**Assignment**
Your task is to return exactly the lines that run from the one containing "A set of ladder-back" through the end of the listing below, without any pictures.

**Recorded data**
- - - - - - -

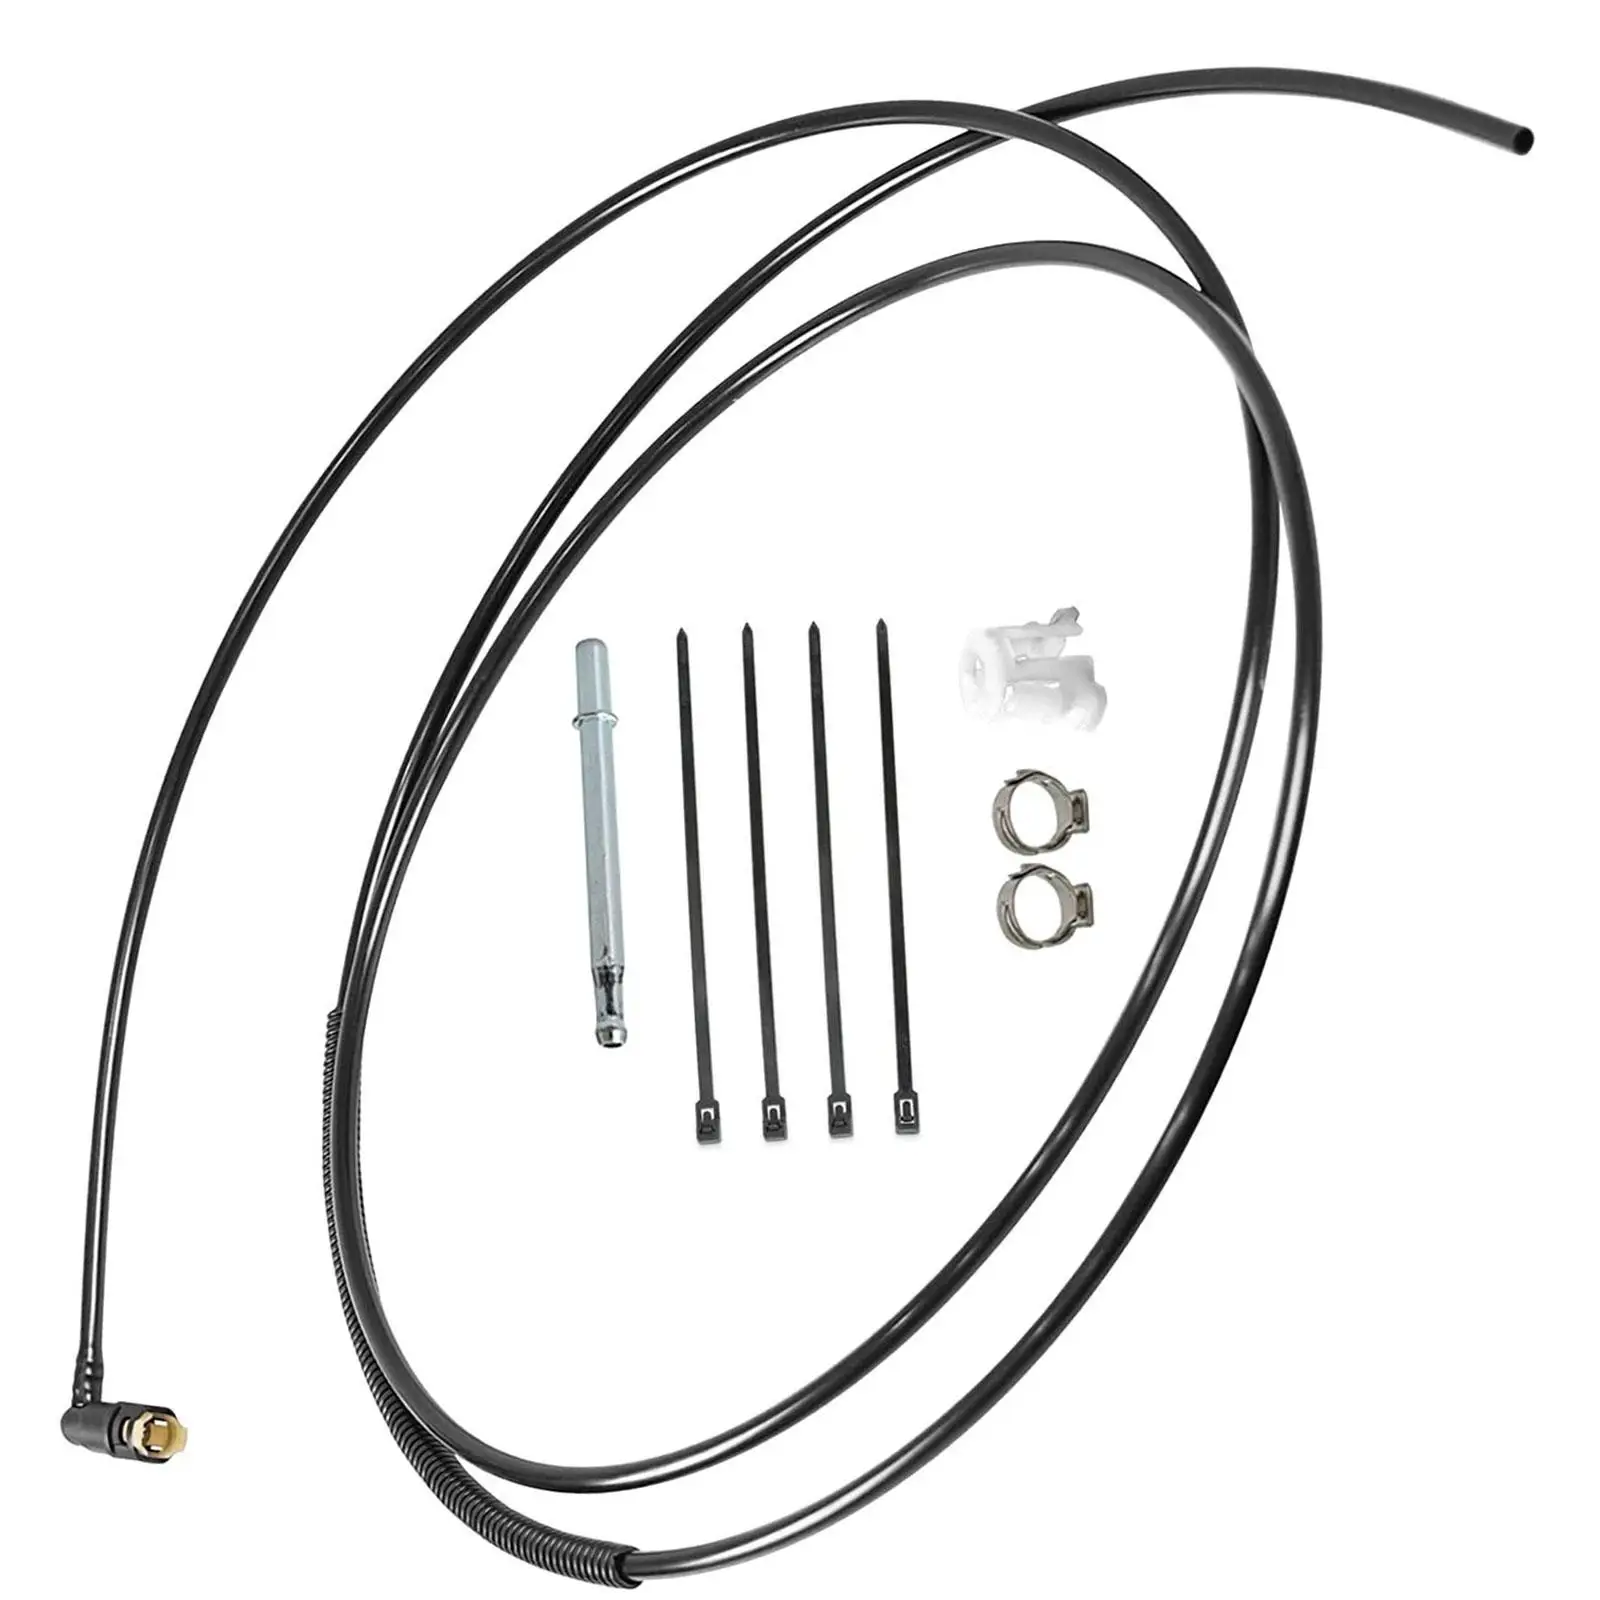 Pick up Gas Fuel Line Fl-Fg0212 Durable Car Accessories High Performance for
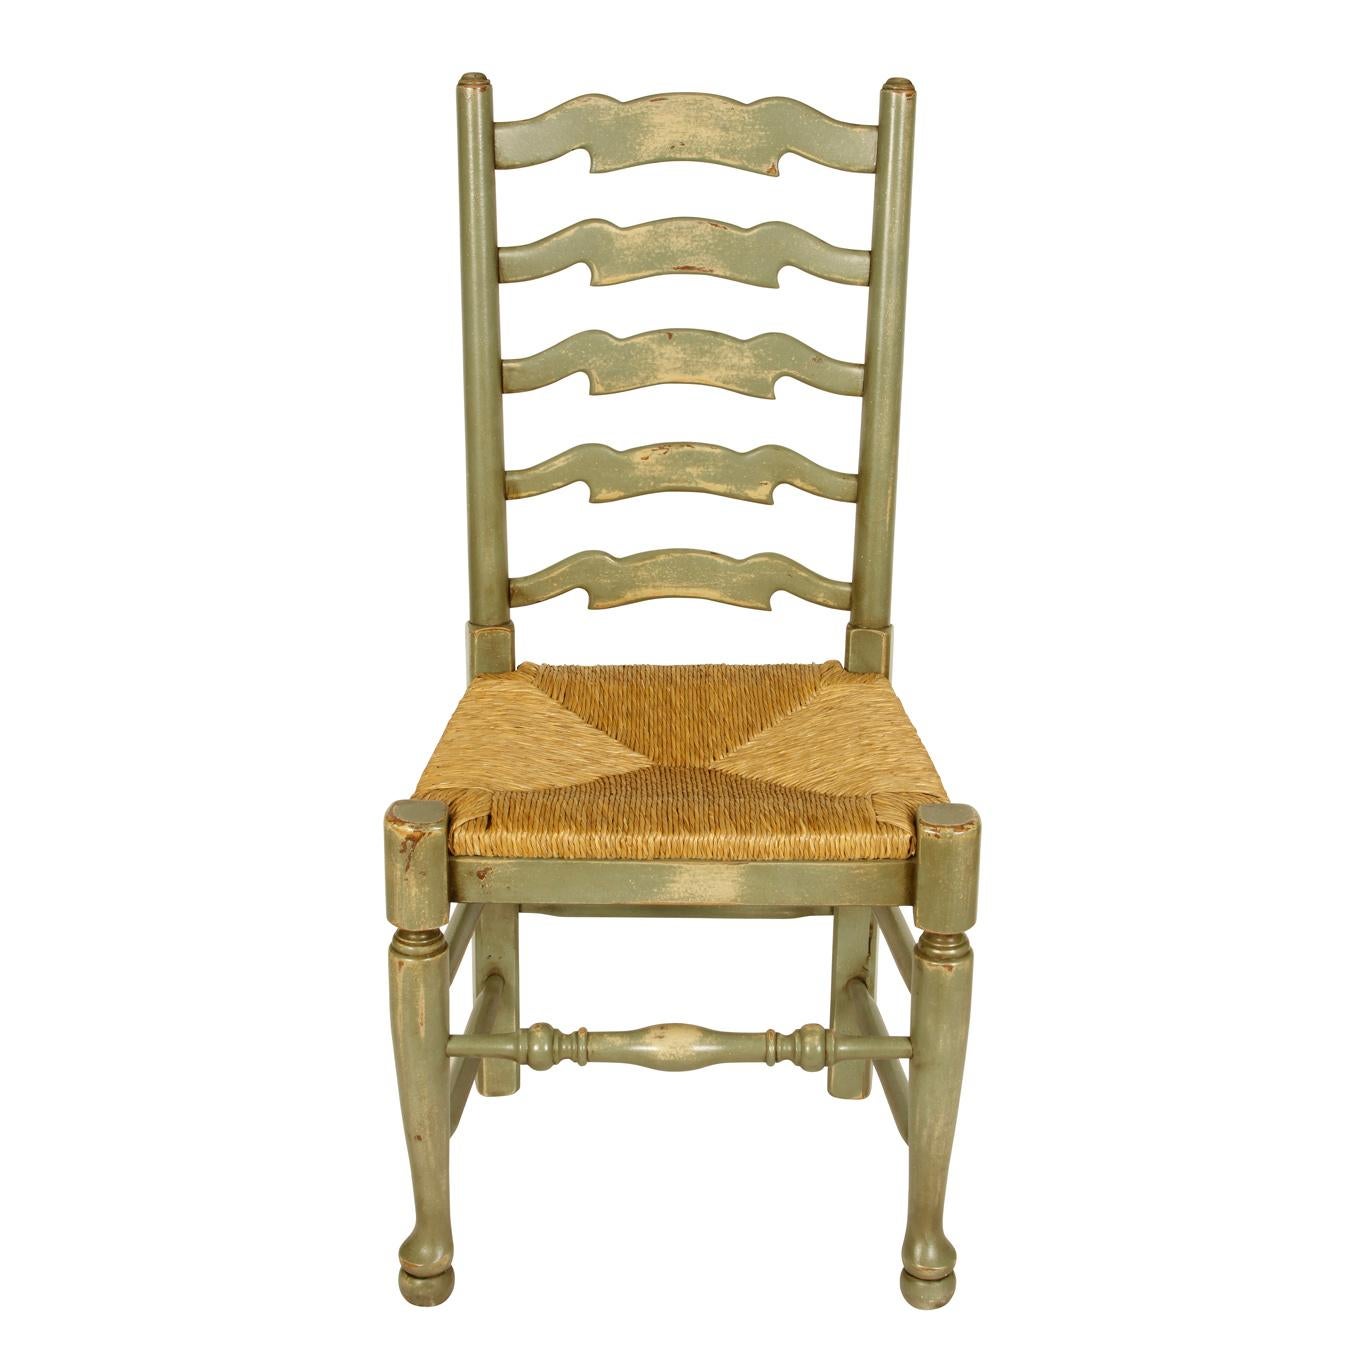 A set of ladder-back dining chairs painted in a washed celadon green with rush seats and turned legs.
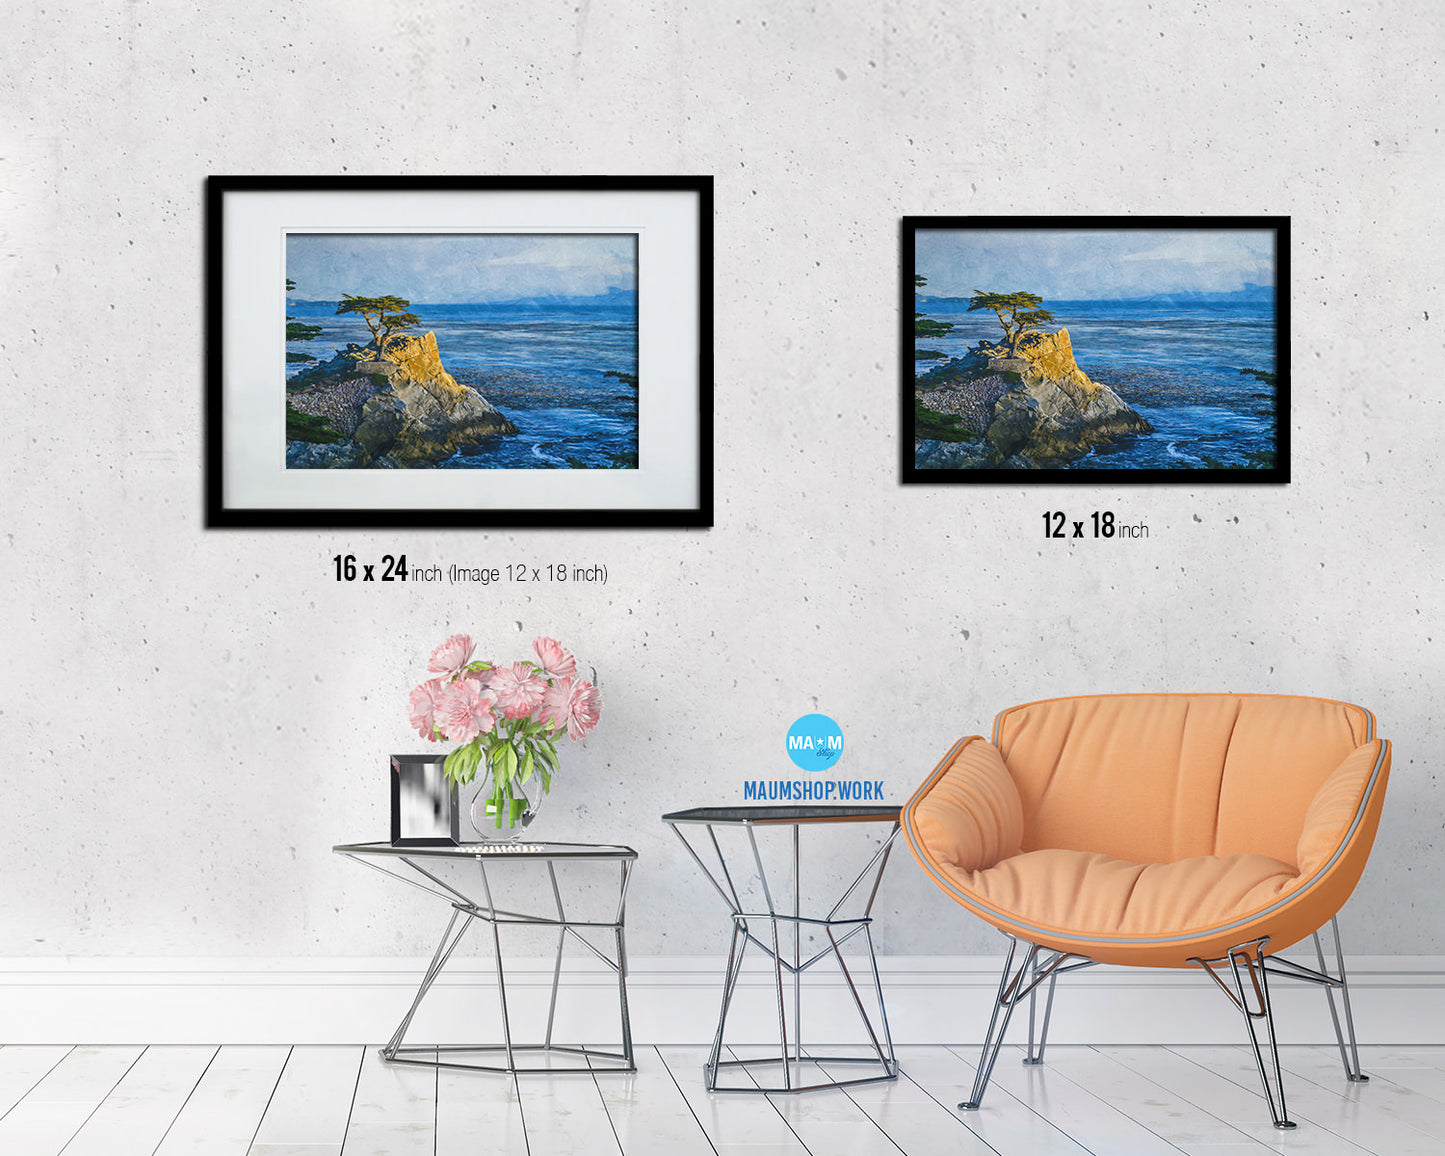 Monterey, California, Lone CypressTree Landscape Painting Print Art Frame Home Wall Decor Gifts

- - - - - - -

**Result for this exercise**
 A set of ladder-back dining chairs painted in a washed celadon green with rush seats and turned legs.
 Monterey, California, Lone CypressTree Landscape Painting Print Art Frame Home Wall Decor Gifts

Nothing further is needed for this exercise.